I work in bioinformatics and this is the kind of thing I keep trying to communicate to people in the field. Yes, these AI tools (like AlphaFold) are amazing, but if there's a significant gap in their training data, the AI is going to have that gap too (most of the structures in the protein database were solved via X ray crystallography, which isn't great for studying highly flexible or disordered proteins)
Yes. My (minimally informed from a single class) understanding is that it sort-of depends on the problem too. Like perhaps in looking at all the data on proteins, the neural network might notice a pattern in protein folding is applicable to the tweaked problem. Of course, there is no guarantee that such a generally applicable rule exists. And even if it does, it might not be discovered by the net before overtraining occurs.
It sounds like your memory from that class is pretty good, and you're right, it depends on what we're trying to solve, but the problem in this case is protein folding, so if a neural network spotted a pattern, that's what we want. Figuring out the generalisable "rules" (i.e. why proteins fold a certain way) isn't what we're trying to do with these tools (yet), we're just on the pattern finding side, which is why the developments from AlphaFold are so incredible, it's just limited.

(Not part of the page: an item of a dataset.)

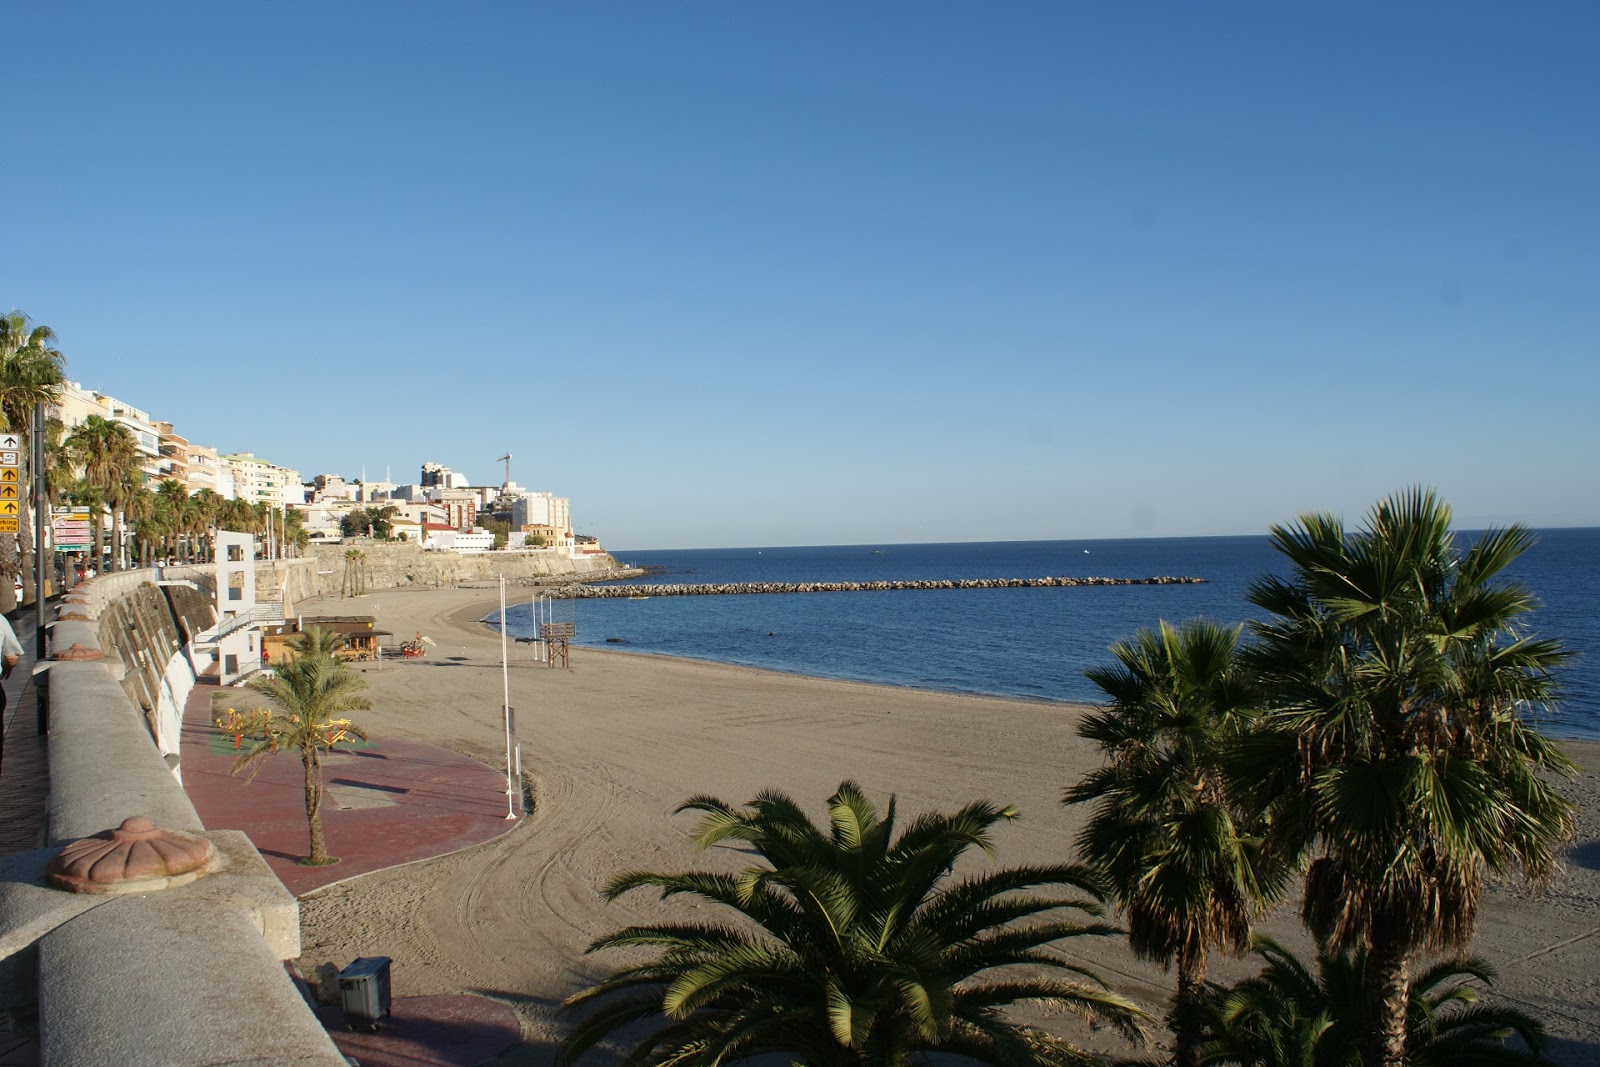 Playa de la Ribera'in fotoğrafı küçük koy ile birlikte

It feels like my job for the next few years is going to be "professional killjoy", because I get people's excitement, but we can't properly use these tools if we don't acknowledge their limitations. If we did that, they'd actually become more powerful because we could develop new and different tools, or go gather experimental data to validate some of the generated structures (or to round out the training data).
I don't know if this would count as overtraining, because it has so far performed amazingly on structures that are similar to the training data but not in the training data. The problem is we don't have much training data for the tricky parts. That's fine, it just means it won't help us learn much about those areas, but headlines like "alphafold predicts the structures of all human proteins" are so misleading
I agree. If you can't test the structures against proteins that don't crystalize, then you can't really say much about the output.
best experimental protocol evar™ do not steal 👍
If it were me I would try to use the generated structures to make predictions. Perhaps get the model to tell you how many residues of a certain AA are on the protein surface, attach some sort of fluorescent marker to all the surface residues in a physical sample, remove the unattached marker from the solution, and then measure the intensity of the emitted light to estimate how many of those residues are actually on the surface of the structure.
Idk if exactly that would work, but it seems like an easier question to test if a protein is consistent with a generated structure. So perhaps you could tell the biologists that the “ball is in their court” to get them off your back 😃 (if it is biologists of course).
Also, I certainly didn't mean to imply that you could get the pattern the neural net found out of it. Only that that it has in there somewhere if the net is generalizing.